The problem ->
Your answer must be the exact lines of the listing below that run from the line with "TinnappelMetz-allied-maker-arc-wall-lamp-04" to the line with "Fashion Women Canvas", ends included, and no pictures.

Supplied entries ->
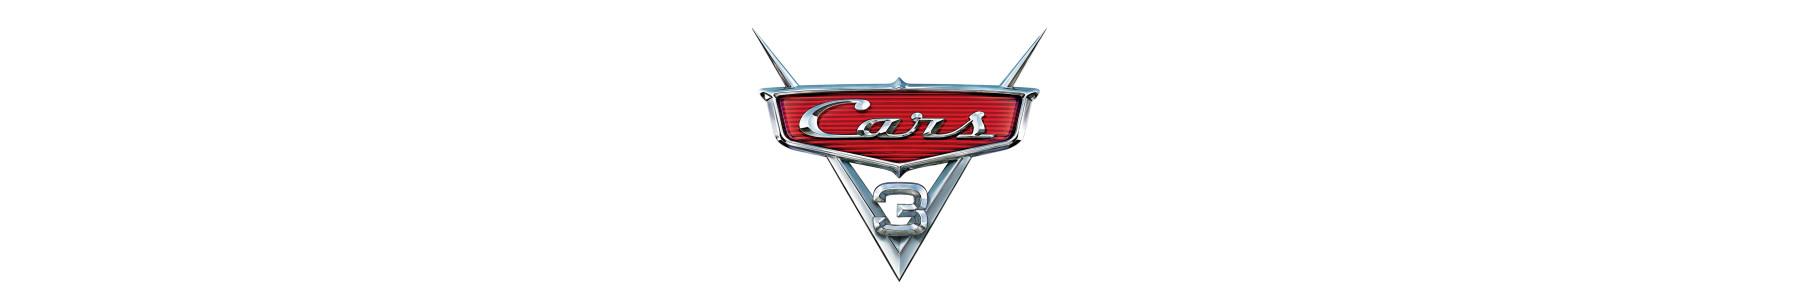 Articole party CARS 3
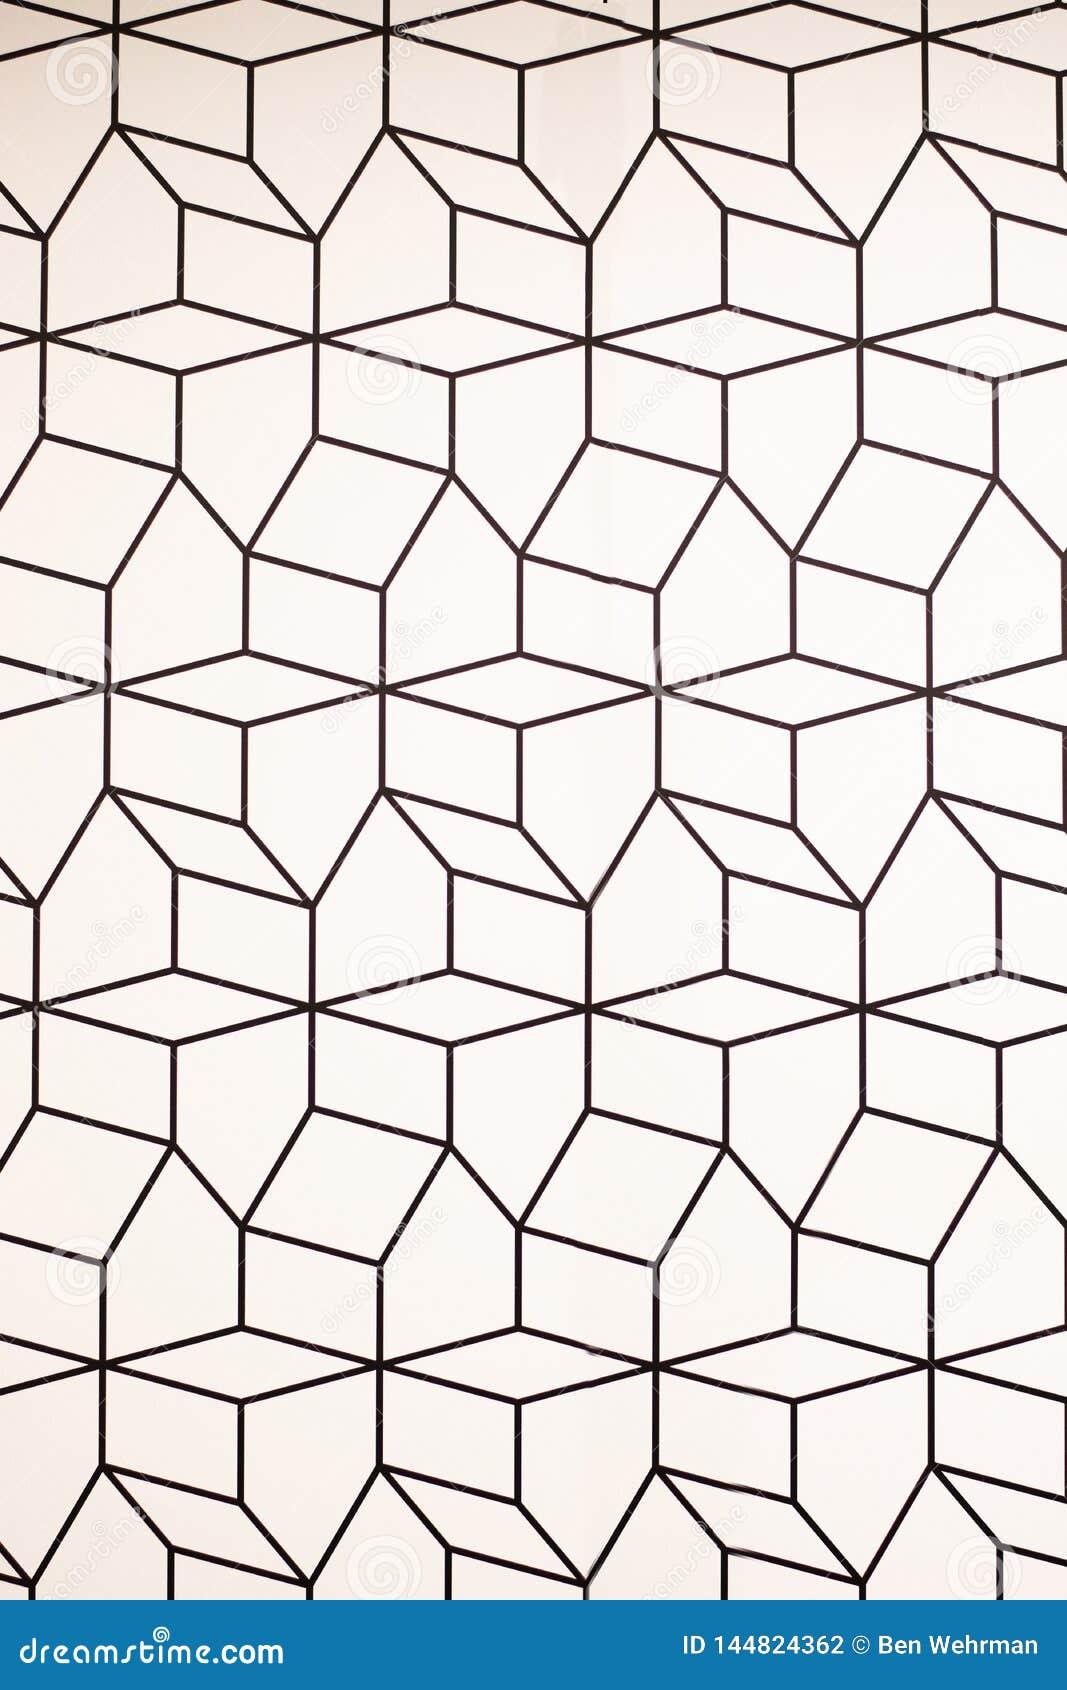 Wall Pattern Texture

...

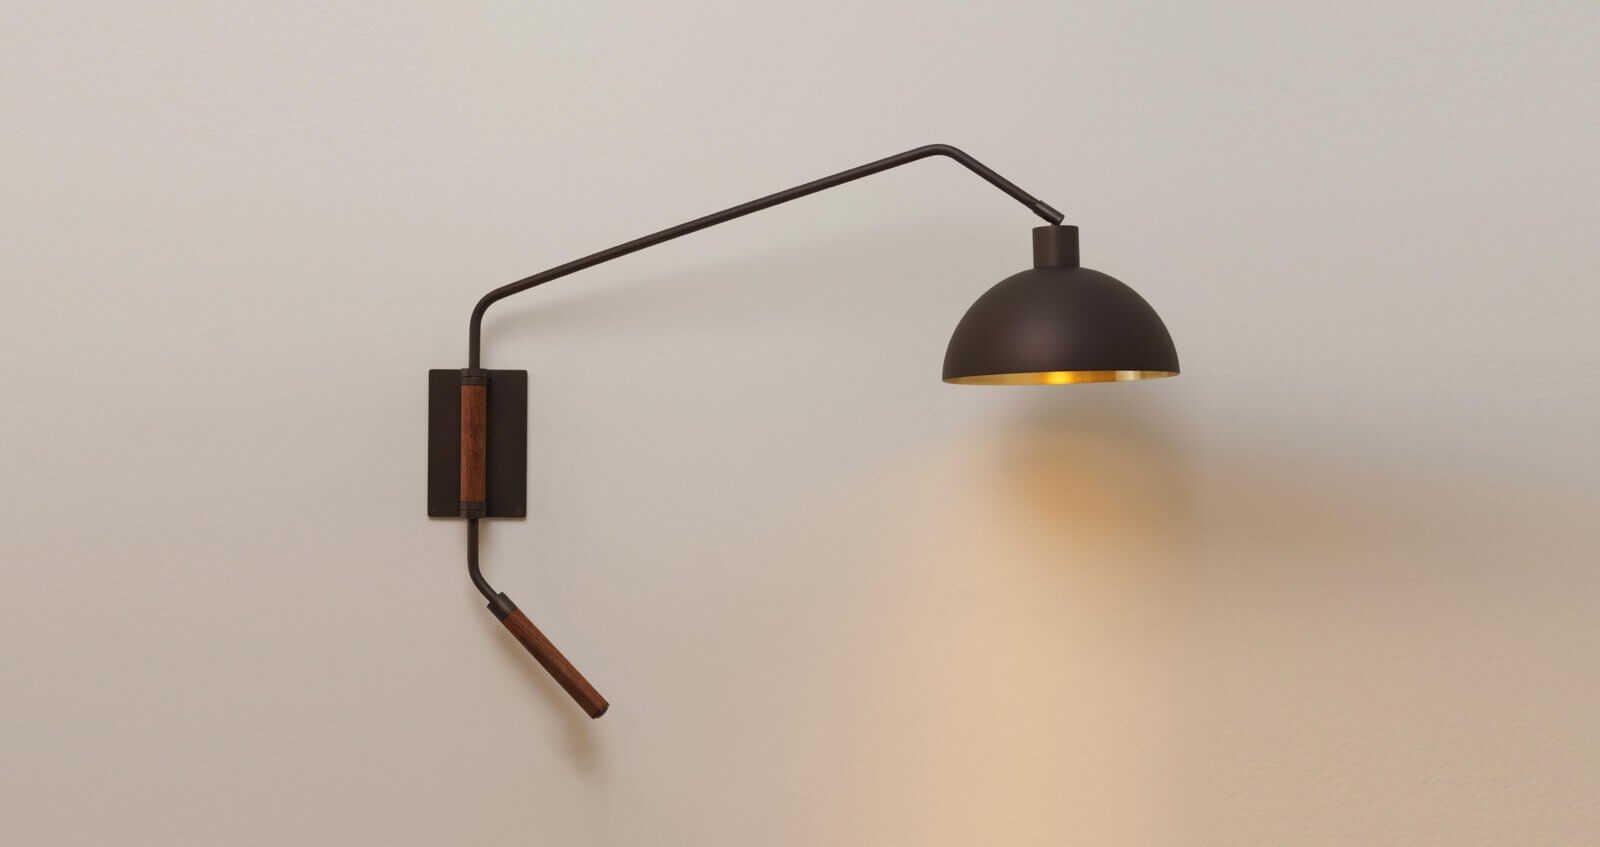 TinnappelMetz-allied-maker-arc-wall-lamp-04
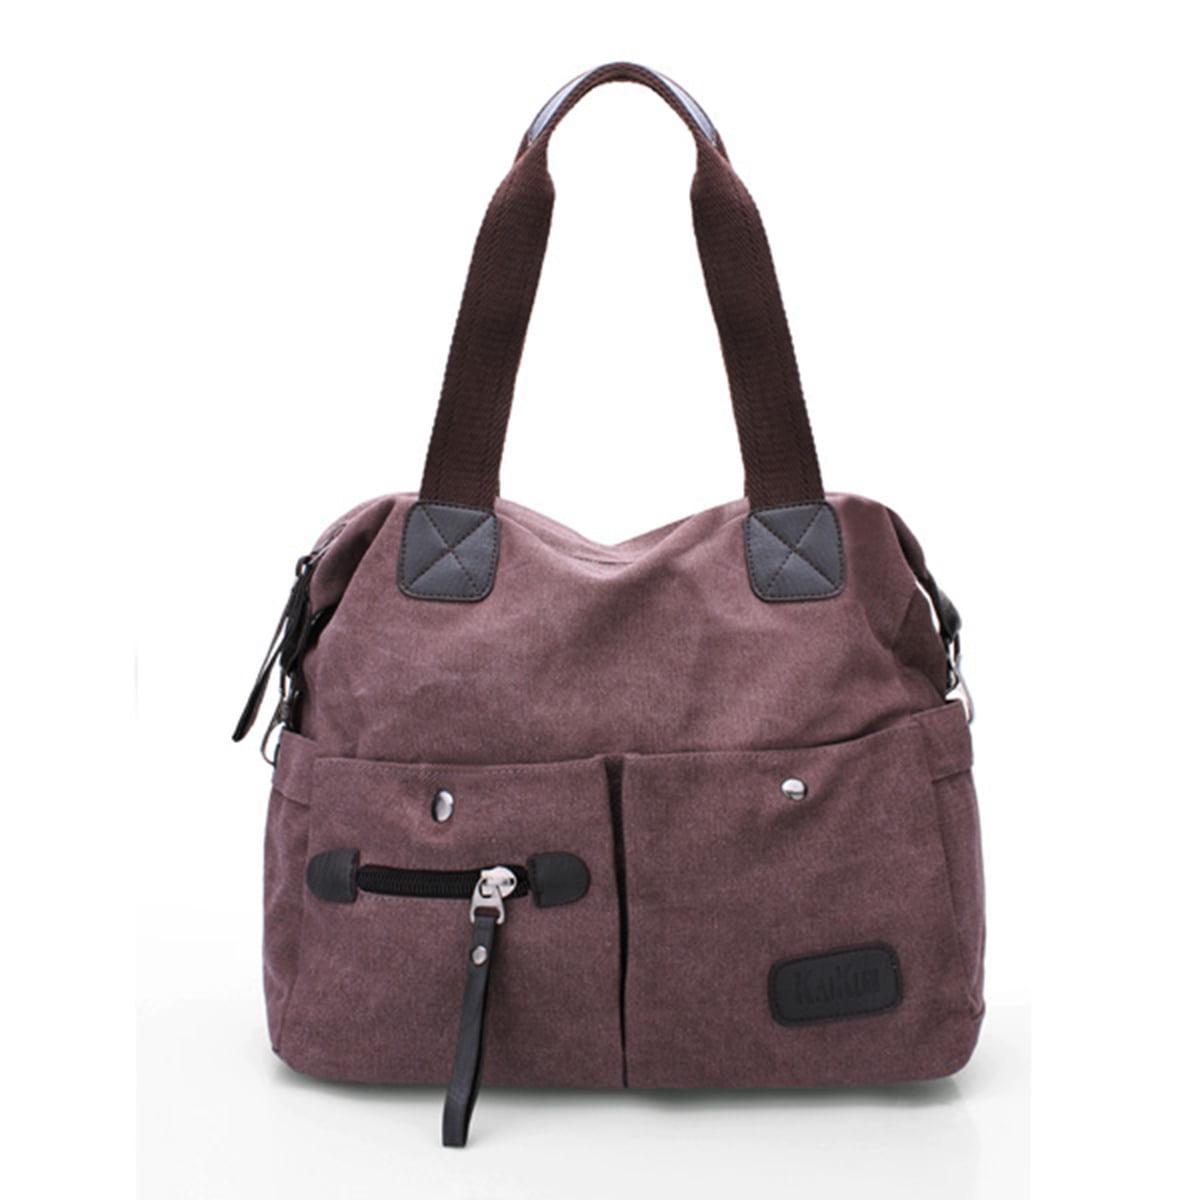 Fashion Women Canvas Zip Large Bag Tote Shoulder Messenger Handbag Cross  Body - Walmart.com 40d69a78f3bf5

Your solution ->
 TinnappelMetz-allied-maker-arc-wall-lamp-04
 Fashion Women Canvas Zip Large Bag Tote Shoulder Messenger Handbag Cross  Body - Walmart.com 40d69a78f3bf5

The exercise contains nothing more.